Carlo V. di Florio, director of the Office of Compliance Inspections and Examinations at the U.S. Securities and Exchange Commission (SEC) led with some tough words on executive and board responsibility for high standards of compliance and ethics at a one day conference at the SEC Headquarters in Washington, D.C. this week:
??Strong risk management controls, including a solid compliance program, are a key responsibility of everyone in a regulated entity, but the right culture and tone at the top are especially the responsibility of senior management and the board. A (Chief Compliance Officer) who does not have the full support and engagement of senior management and the board is not going to be effective, and there is nothing that we (the SEC) want more than to help CCOs (Chief Compliance Officers) to be effective. (The SEC) will focus most intently on firms where we sense that senior management and the board are not setting the appropriate tone and are failing to support key risk and control functions with adequate resources, independence, standing and authority.

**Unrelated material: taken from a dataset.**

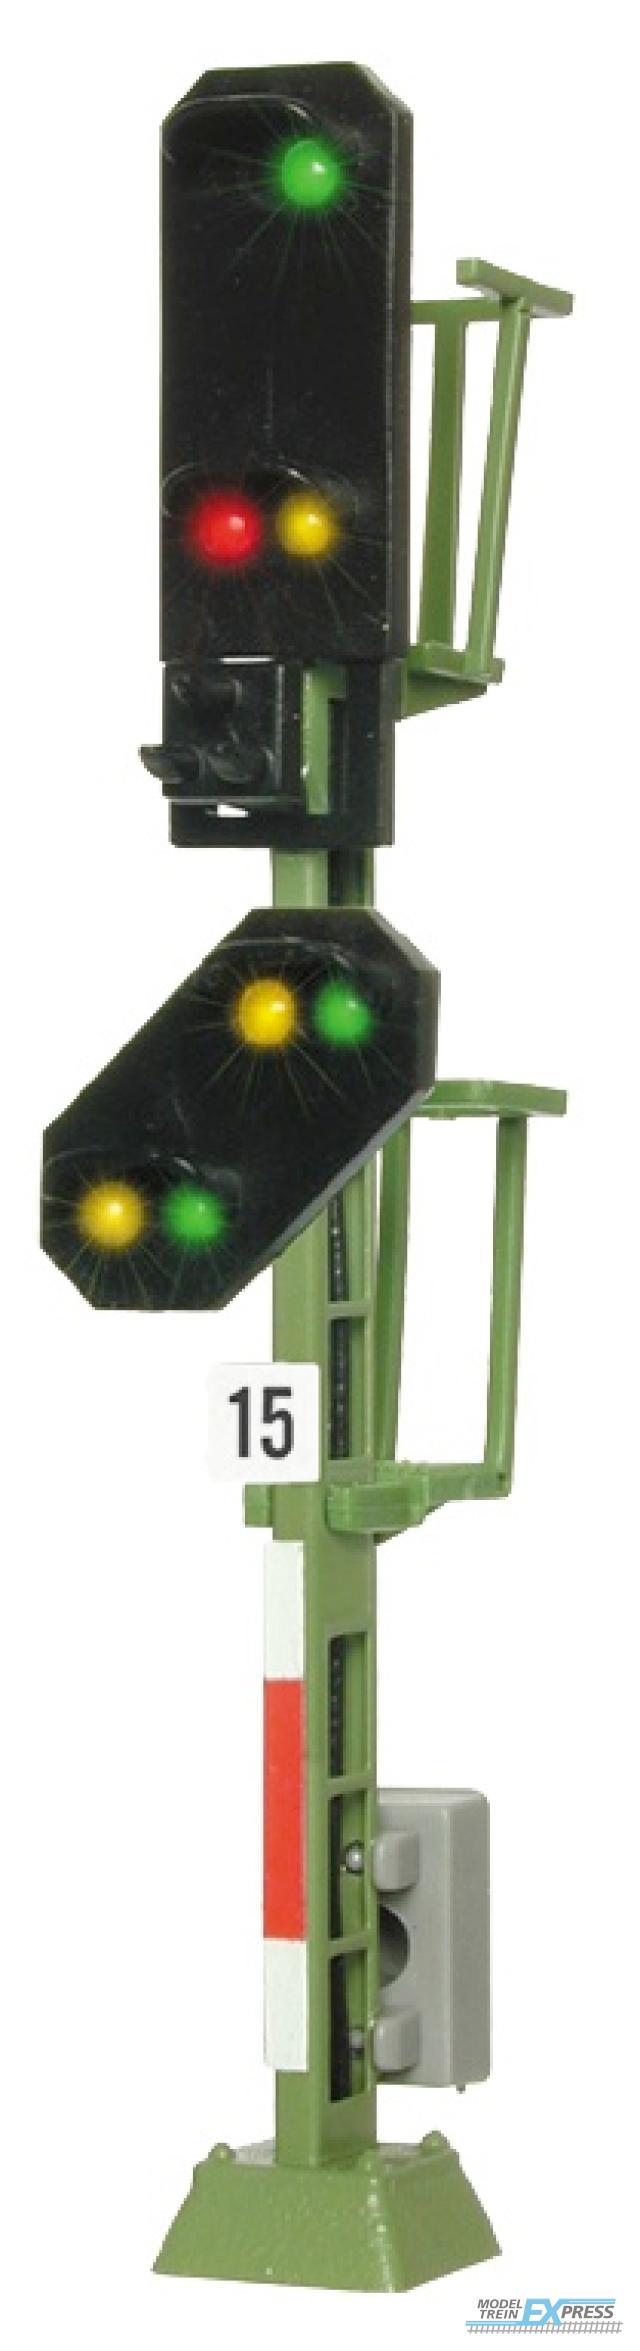 Viessmann 4915 TT Licht-Einfahrsignal mit Vorsignal

Whether we are talking about compliance and ethics or other key risk and control functions, such as risk management, financial control, or internal audit, it is important to clarify fundamental roles and responsibilities across the organization. An effective risk governance framework includes three critical lines of defense, which are in turn supported by senior management and the board.
The business is the first line of defense responsible for taking, managing and supervising risk effectively and in accordance with laws, regulations and the risk appetite set by the board and senior management of the whole organization.

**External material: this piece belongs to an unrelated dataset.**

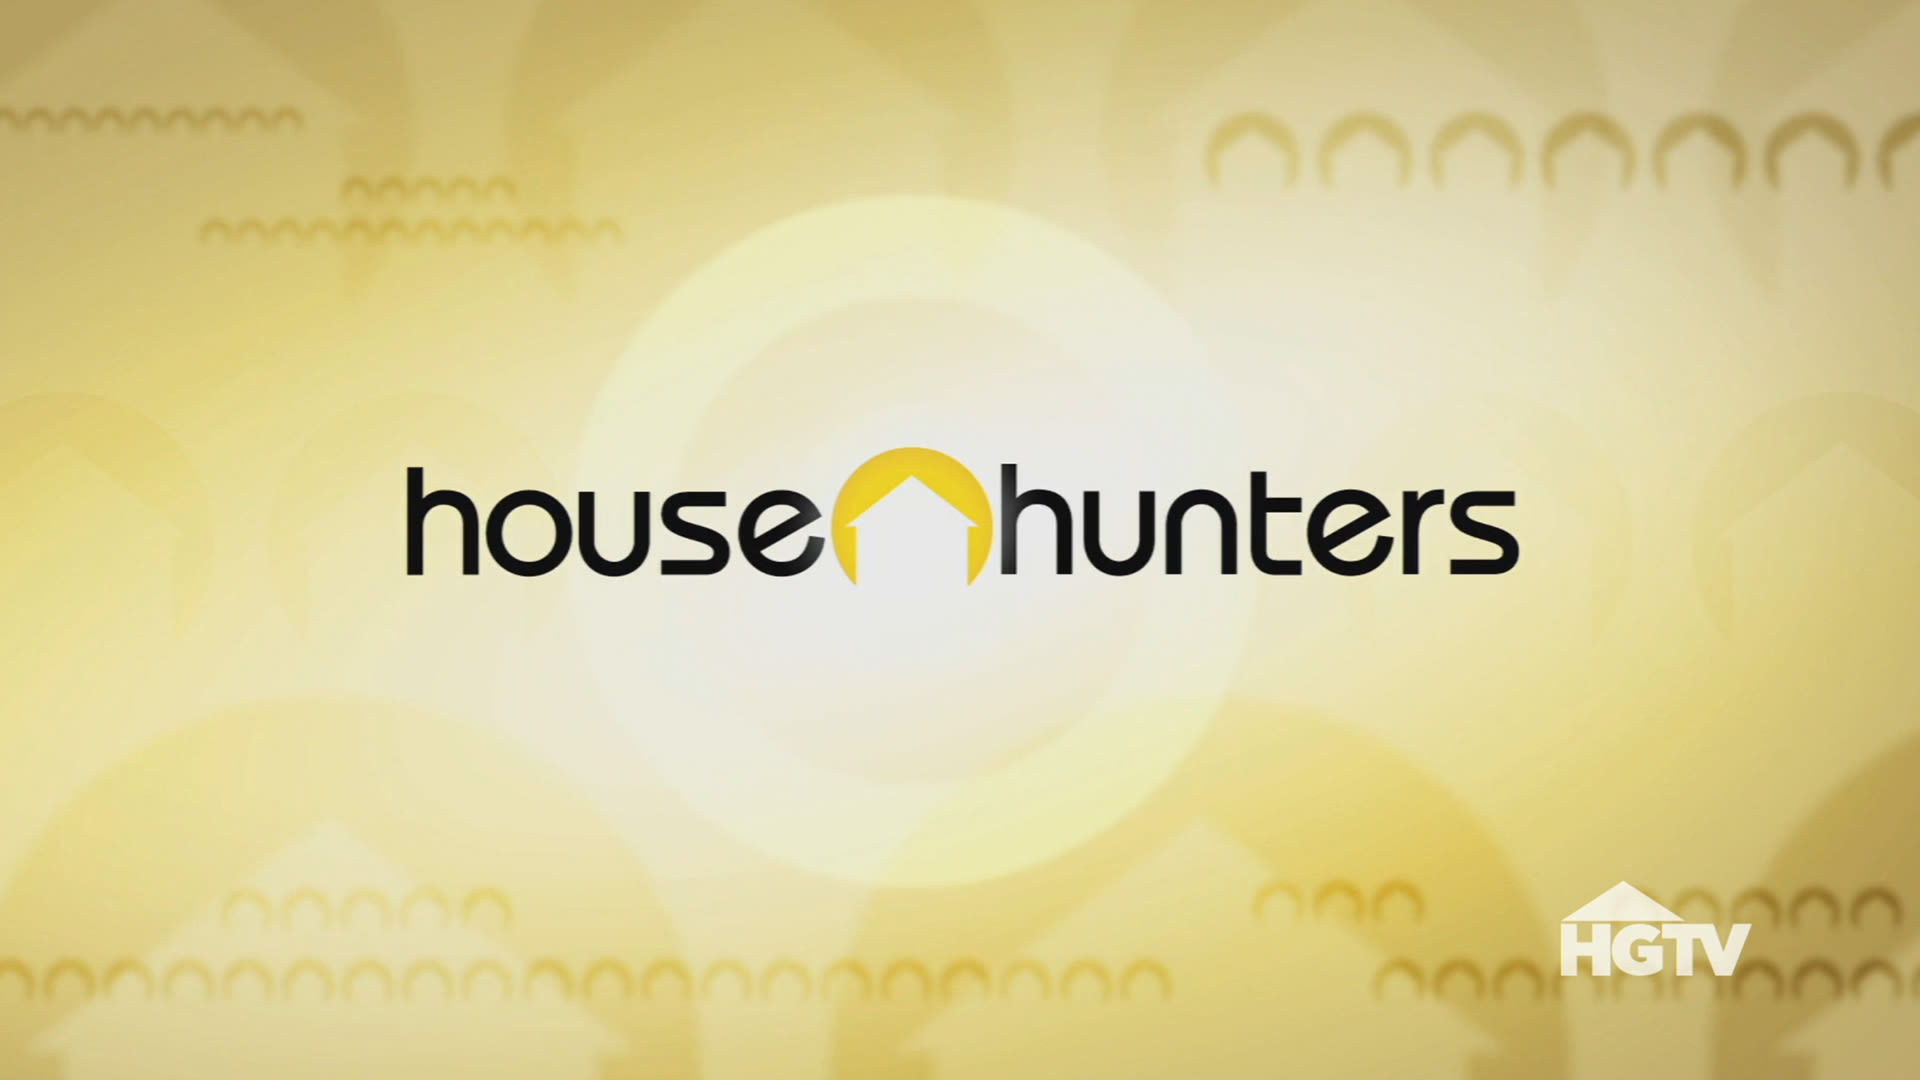 HGTV fans ‘cringe’ after spotting ‘disgusting’ behavior on House Hunters

Key support functions, such as compliance and ethics or risk management, are the second line of defense. They need to have adequate resources, independence, standing and authority to implement effective programs and objectively monitor and escalate risk issues.
Internal Audit is the third line of defense and is responsible for providing independent verification and assurance that controls are in place and operating effectively.
Senior management supports each of these levels by reinforcing the tone at the top, driving a culture of compliance and ethics and ensuring effective implementation of risk management in key business processes, including strategic planning, capital allocation, performance management and compensation incentives. The board of directors is ultimately responsible for setting the tone and the top and ensuring an effective culture of risk management across the organization.
The financial crisis revealed among many other things the need for better oversight of risk at the board and senior management levels, and the need for stronger independence, standing and authority among a firm?s internal risk management, control and compliance functions. As a result, in our examinations we are seeking to engage senior management and the board on critical business, risk and regulatory issues. By doing so we hope achieve two benefits: (i) to reinforce the importance of a robust compliance, ethics and risk management program; and (ii) to assess the culture and tone and the top of the organization.?
Read the remainder of the speech
Source: U.S. Securities and Exchange Commission
east river east river harry shum jr workaholics workaholics new iphone 5 release mary j blige
No comments:
Post a Comment
Note: Only a member of this blog may post a comment.